Slant activated even as Tsuna fell backwards, arms windmilling out of reflex – the blade bleeding red and coming up without his control and through the Heifer's arm. Neatly reducing his HP to zero.

Tsuna hit the ground and goggled as the NPC went still, a Victory pop up appeared even as the Heifer dropped his knife and sprinted away, out of the field.

He... He did it.

He won. Kinda. The Heifer wasn't dead (thank Kami), so did that mean he would come back later?

"Oi."

"HIEEEEEEEEEEEE!" Tsuna squealed at the voice behind him, his Acrobatics kicking in as he tried to shove himself away, and ended up in a forward flipping roll that brought him into a neat action stance.

It was the girl from before, the one who wanted to take him back to Starting City. She wasn't very pretty. She had a round face, and a roundish body, she was overweight with thick thighs and large boobs and flabby arms. Her brown hair was in a loose ponytail over one shoulder, the anime mum death hairstyle he'd heard it called before. She didn't look happy, scowling at him in her starting armour, and beginner spear resting on her shoulder, she looked as if she weren't sure if she wanted to pinch his ear or give him a smack upside the head.

She pinched the bridge of her nose, "Do you have any idea how worried I've been? _Don't_ run off like that!" she scolded.

Tsuna pouted unhappily, "I don't need a babysitter," he mumbled. He had managed so far, hadn't he? Yeah it wasn't very _far_, but he'd done it! He wasn't a little kid, he was _ten_. He hadn't needed a babysitter in years, and he definitely didn't need one now.

"Look, kid - "

"Natsu," Tsuna interrupted rudely, pulling a face at her, "My name is Natsu, not kid, not child, not baby."

She sighed again, running a hand through her hair, "Natsu then. I'll be blunt, you're a kid. Too young to be out here risking your life. Go back to Starting City, _please_. We've already lost three people around Horunka already, and one of them was a Beta Tester. This _isn't_ a game. If you're out here, we're going to want to protect you, and that's going to put us in danger and get people killed."

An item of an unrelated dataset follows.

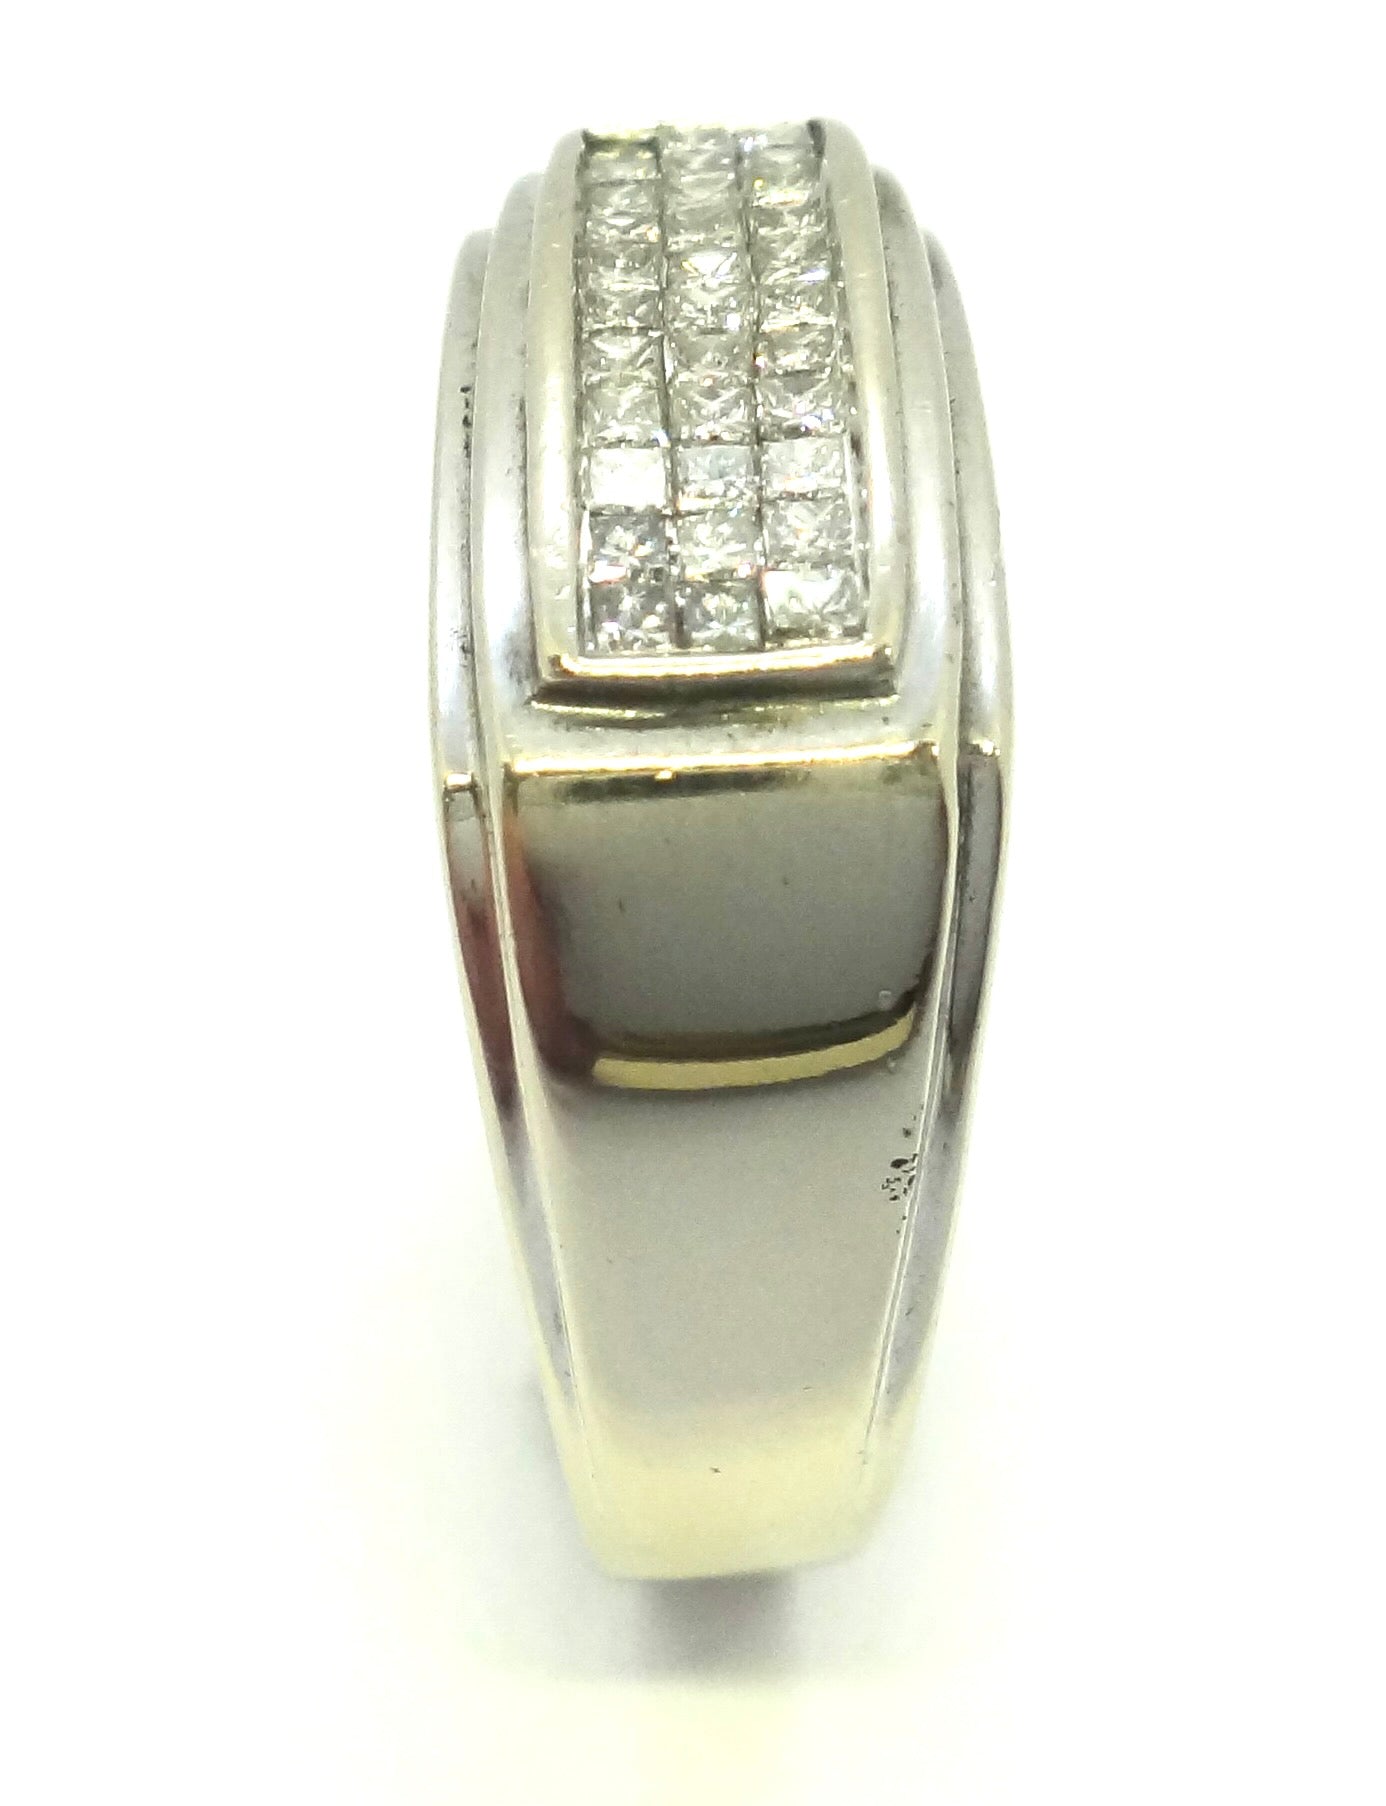 Mens 14ct White GOLD & Princess Cut Diamond Ring VAL $3,300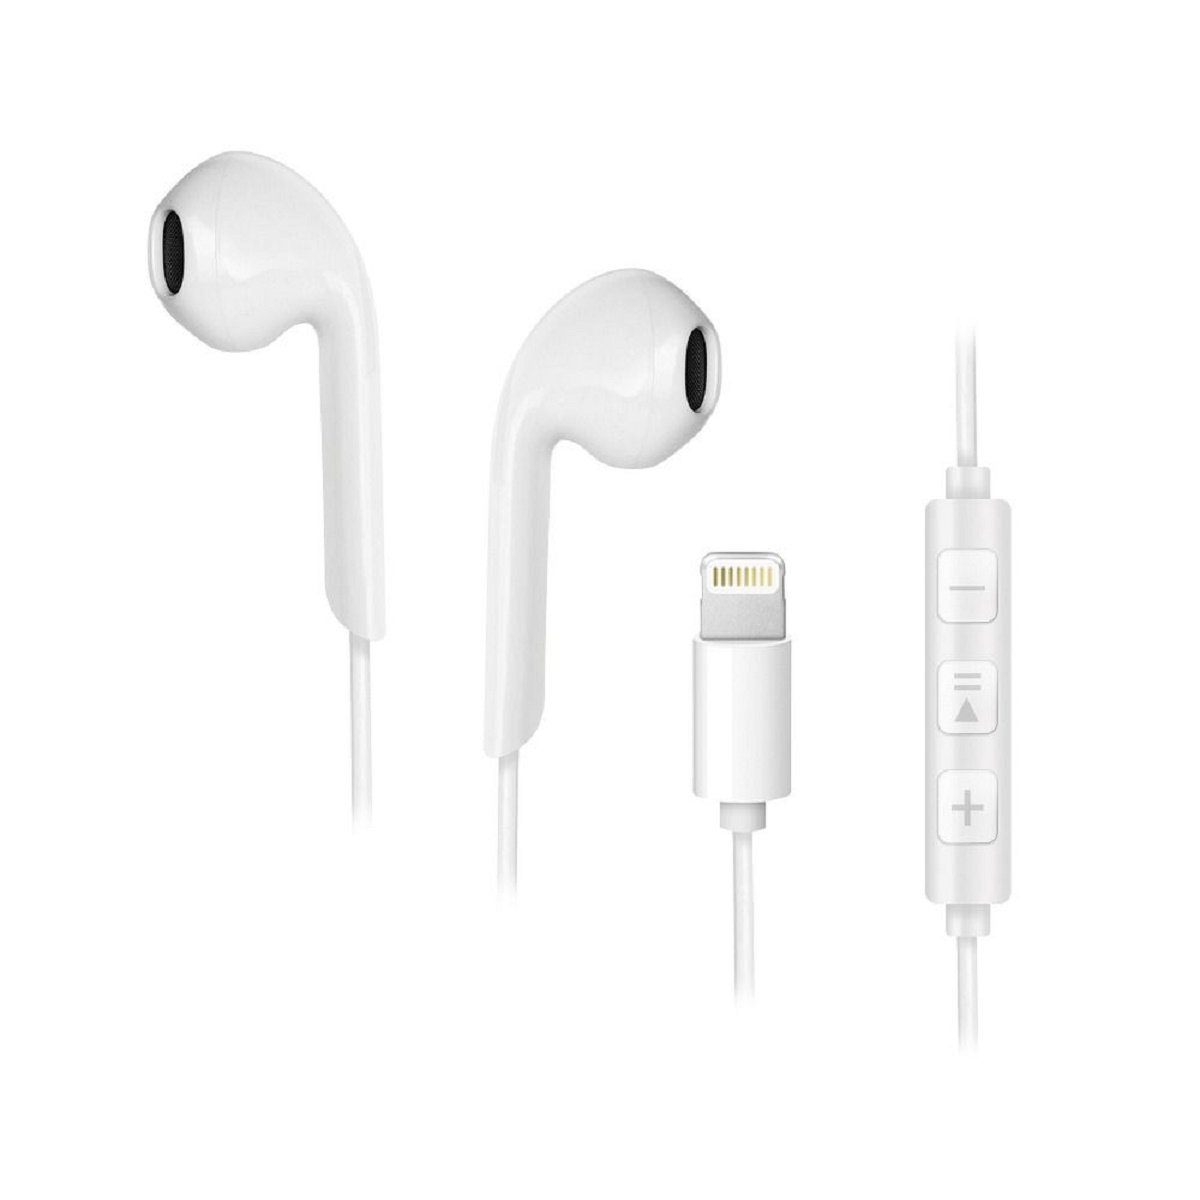 Forcell Stereo für Apple iPhone In-Ear-Kopfhörer Weiß iPhone-Anschluss 8-pin

"We're all stuck in here together!" Tsuna flared, "We _all_ have a responsibility to fight our way out! I'm not going to sit back and let other people die for me without even _trying_!" he exclaimed heatedly, the words falling out in a tumble. He hadn't understood what he had felt before now, until the words and their very meaning fell out of his mouth, but he knew it was true. He didn't want other people to fight, and die, to free him without even _trying_ to help himself first. That was cowardly, and painful, and it left a bitter copper tang in his mouth that tasted like fear and self-loathing. He was going to fight, he _had_ to fight, because men had to solve their own problems, that was what his father had always said, it was why he never told his mother about the bullies, about the overly harsh senseis, about how he didn't understand the way the class material was explained. He was a man, he had to solve his own problems. He couldn't sit back in Starting City without at least _trying_.

'_She needed a hero, so that's what she became_', his mother had that etched into her old highschool bokken that she used to beat the carpets with. It had been a gift from his father when they were younger when he first asked her out on a date, apparently she beat him around the head with it before telling him to meet her at the arcade (his mother had been a delinquent, and head of an all girl gang back in Highschool according to her).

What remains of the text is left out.